Wine, beer and even spirits have long had a fine companion in cheese. But cheese has a sultry new best friend, thanks to local bartenders, and the Cocktails and Curds Competition will determine who can mix the best drink to pair with an artisanal cheese.
"It's fun and fascinating to go to a handful of bartenders, with all their tools, and say, 'Here's this cheese ... what flavors would you choose in a cocktail to compliment it?'," says St. James Cheese Co. owner/cheesemonger Richard Sutton. "Unlike wine or beer, these guys are engineering a beverage specifically to go with one unique thing, which is really cool."

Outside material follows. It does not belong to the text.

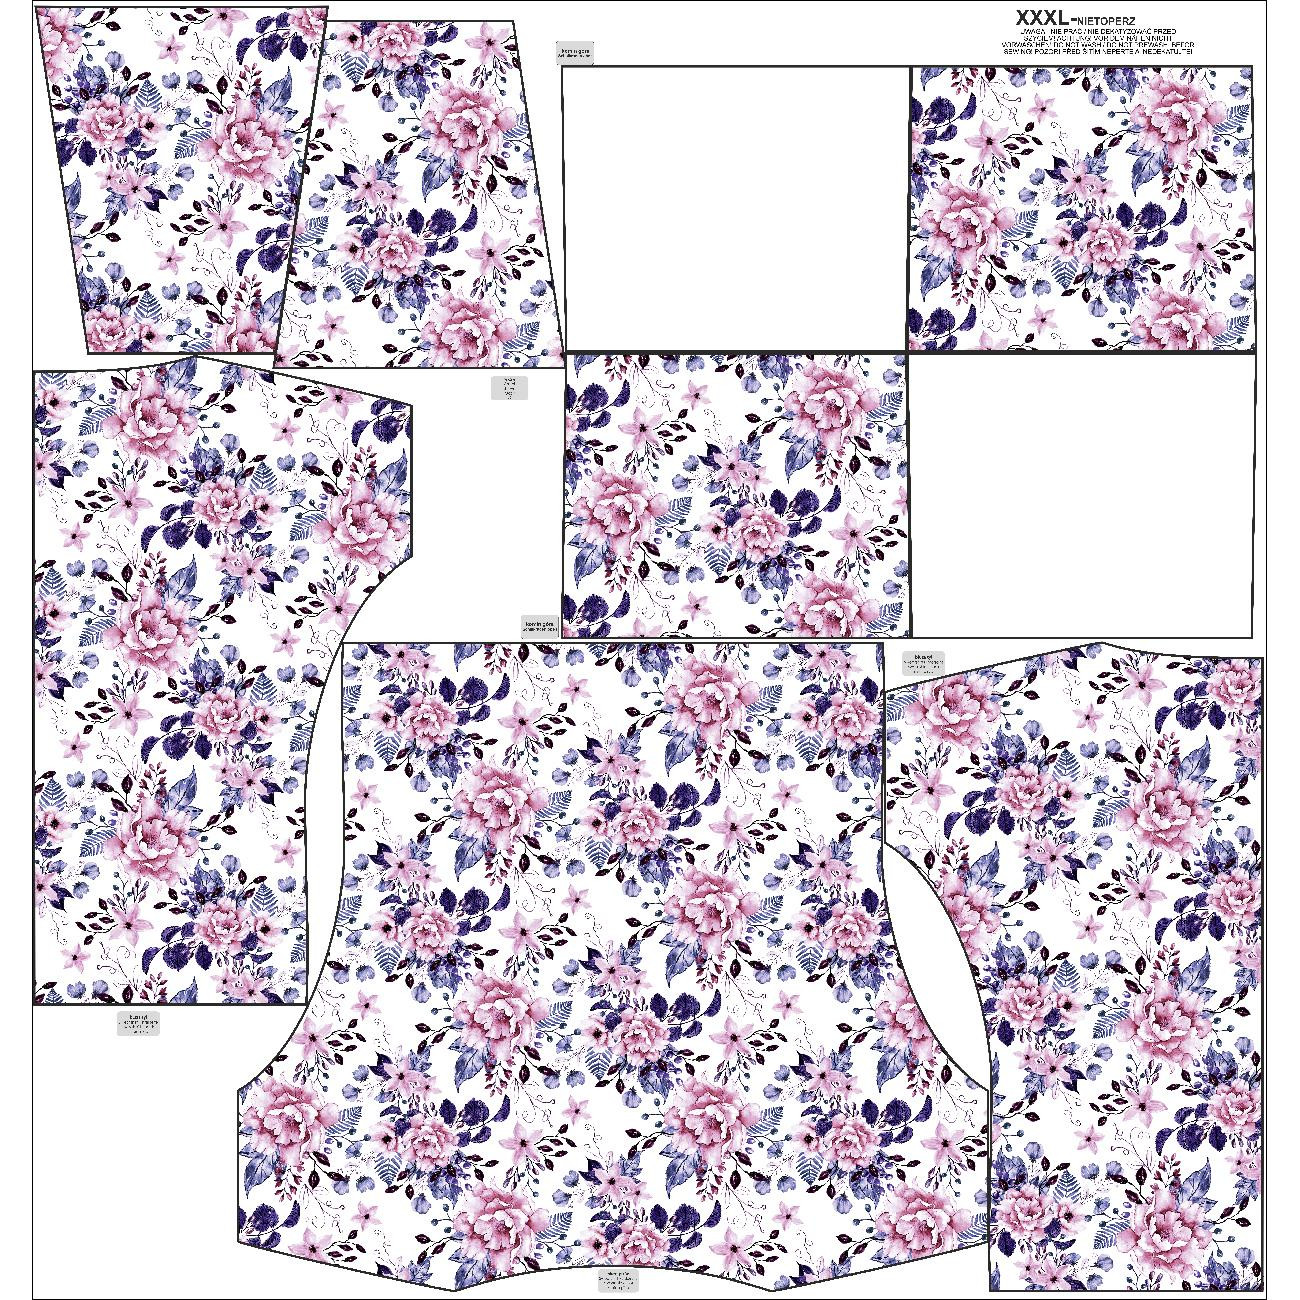 SNOOD SWEATSHIRT (FURIA) - WILD ROSE FLOWERS PAT. 1 (BLOOMING MEADOW) (Very Peri) - looped knit fabric

Following the closed preliminary first round, the finals are open to the public, and take place at 7 p.m. Monday, Oct. 14, at Rosy's Jazz Hall (500 Valence St., 504-896-7679; www.rosysjazzhall.com)
What began as an informal class co-hosted by St. James and Cure's Neal Bodenheimer has, in its second year, become a high-spirited and high stakes competition. The panel of judges includes chefs Sue Zemanick, Justin Devillier and Aaron Burgau, Bodenheimer, Hogs for the Cause founders Rene Louapre and Becker Hall and others. The first place prize is $1,000. Cheese offerings come from farms spanning the country and globe, and the spirits are provided by Beam, Inc.
Tickets are $25 in advance, $30 at the door and can be purchased at www.stjamescheese.com. Tickets include competition tastings and other food.